О Боже мой, как страшна и велика власть человека над человеком! Постоянное воскрешение и положение во гроб! — Ничего не преувеличиваю, слушаю внимательно, знаю: если бы Вы сейчас вошли (к<оммуни>ст только что получил письмо от товарища и читает мне вслух: «Выставка птицеводства и мелкого животноводства…» Это товарищ его приглашает на Пасху.) <фраза не окончена>

_____

Краткий ход истории с Вами каждого настоящего.

Сначала имя — отдаешь ему дань невольно: настораживаешься. Потом голос; особость, осмысленность, сознательность произношения — точно человек хочет дойти помимо смысла слова, — одним произношением и интонацией: быть понятым иностранцем. Дать смысл через слух (звук). — Вслушиваешься. — Потом — суть: остро́, точно, то. Вдумываешься, вчувствовываешься, в — в — в — И уже имя — исходная точка — забыто, торжествует суть, побеждает суть.

А потом, когда очнешься: ведь это тот самый В<олкон>ский, внук того Волконского, и сразу 1821 г. — 1921 г. — и холод вдоль всего хребта: судьба деда — судьба внука: Рок, тяготеющий над Родом. (Сыновья в наследство судьбы не получают, — только внуки. Точно роду (или <пропуск одного-двух слов>). Передышка сына, чтобы снова собраться с силами.)

С<ергей> М<ихайлович>, я ничего не знаю то́чно, я ведь ничего о Вашей жизни не знаю, кроме того, что́ Вы пожелали сказать о ней — всем — в книгах, но по всему Вас — сейчас — (и по всему сейчас) чувствую, какими были для Вас годы 1917 г. — 1921 г.

И, глубоко́ задумавшись:

Чита [891] — или Москва 1917 г. — 1921 г.? — Еще вопрос.

_____

Еще об одном думаю, идя назад в неведомую мне Вашу жизнь.

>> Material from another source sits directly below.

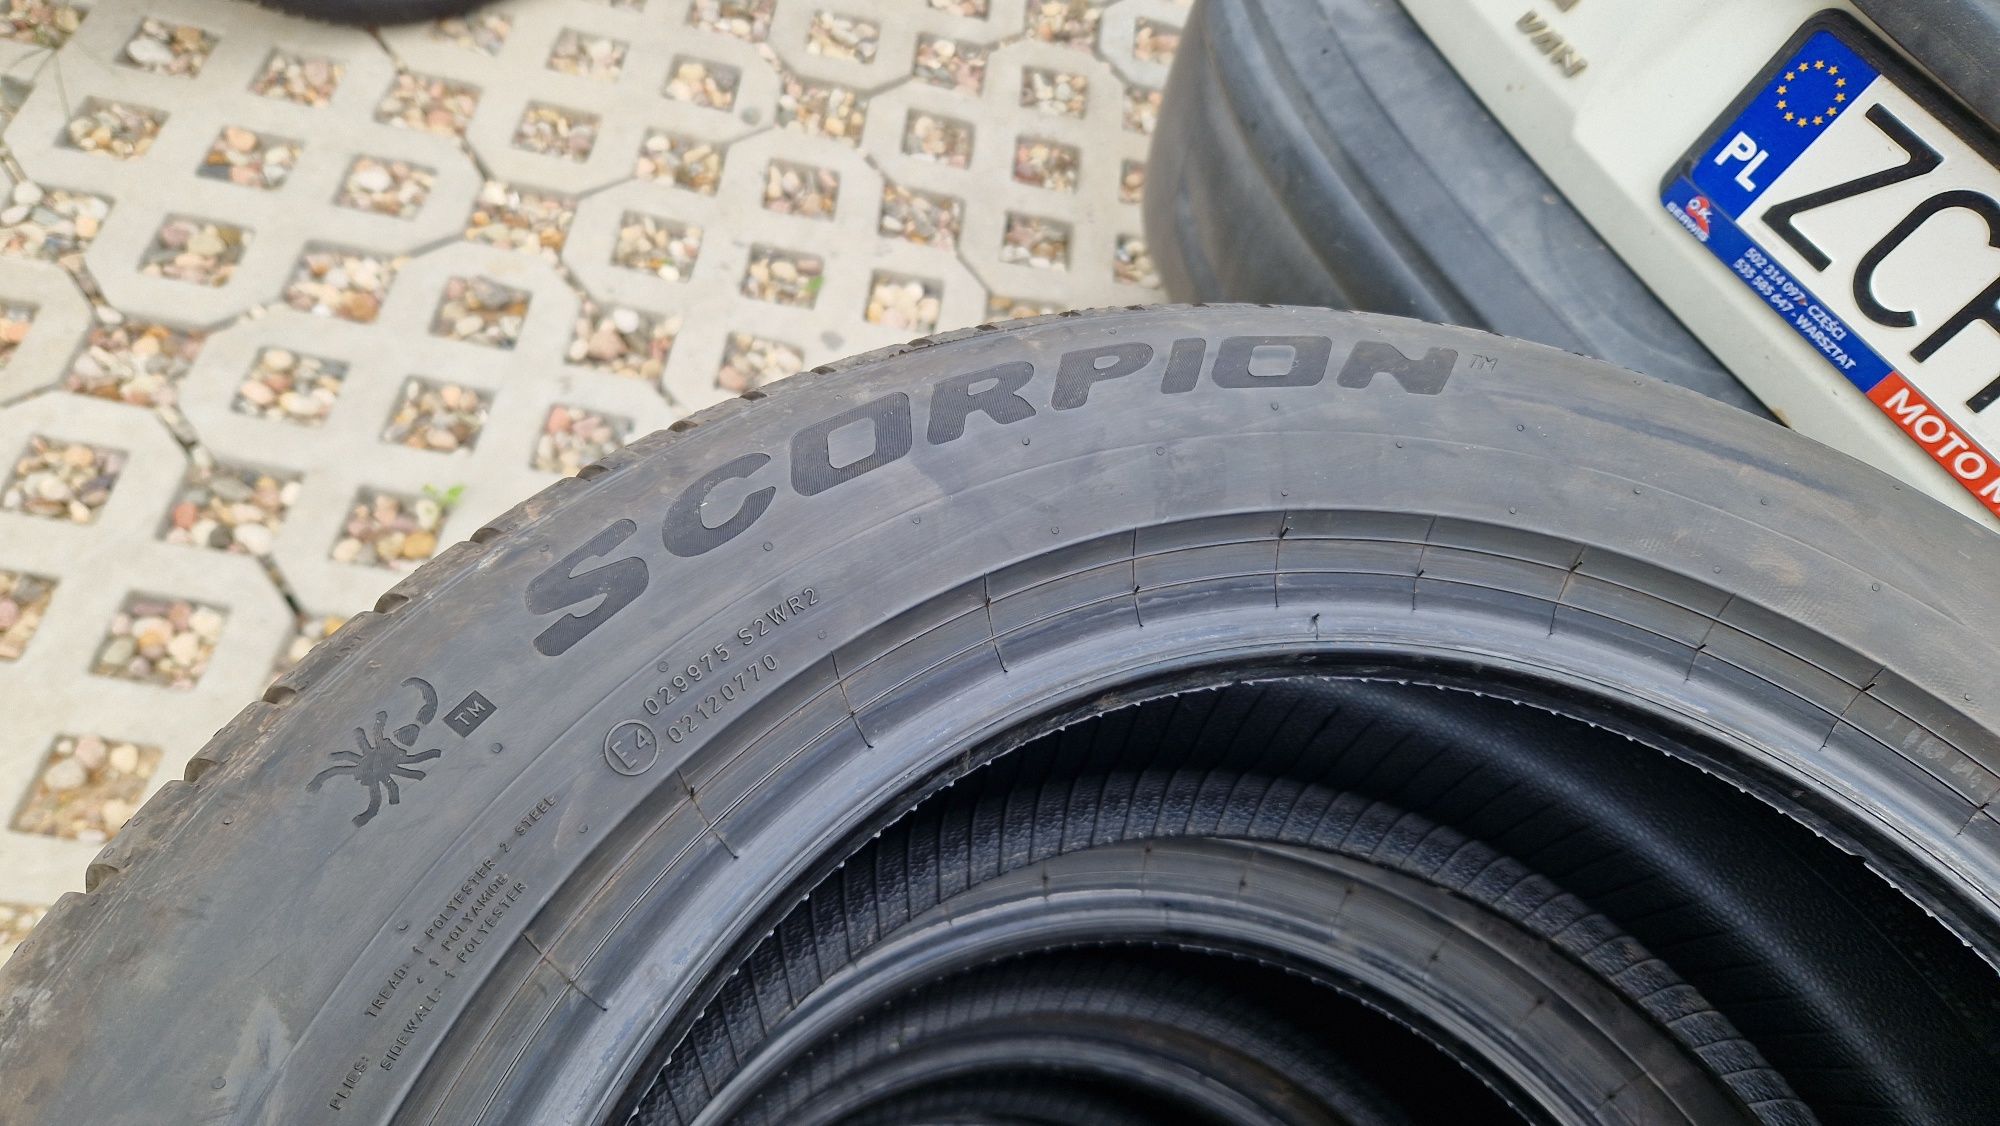 Opony Pirelli Scorpion 225/55/18 letnie, jak nowe.

Рождается человек. Получает громкое имя. Несет его. (Приучается нести его тяжесть.) Столкновение Рода и Личности. Неслыханное счастье (не носителю — миру!) — личности в породе, породы в личности. Первый полет за пределы гнезда. О Гнезде умолчу — ибо НЕ ЗНАЮ, но не умолчу о катастрофе такого «за-пределы».

Князь — и пишет! в этом есть что-то нестерпимое. Мало, что князь, еще и писатель. (И Пушкину бы не простили — раз не простили даже камер-юнкера.) И сразу: либо плохой князь, либо плохой писатель. О князе спорить не приходится — значит плохой писатель.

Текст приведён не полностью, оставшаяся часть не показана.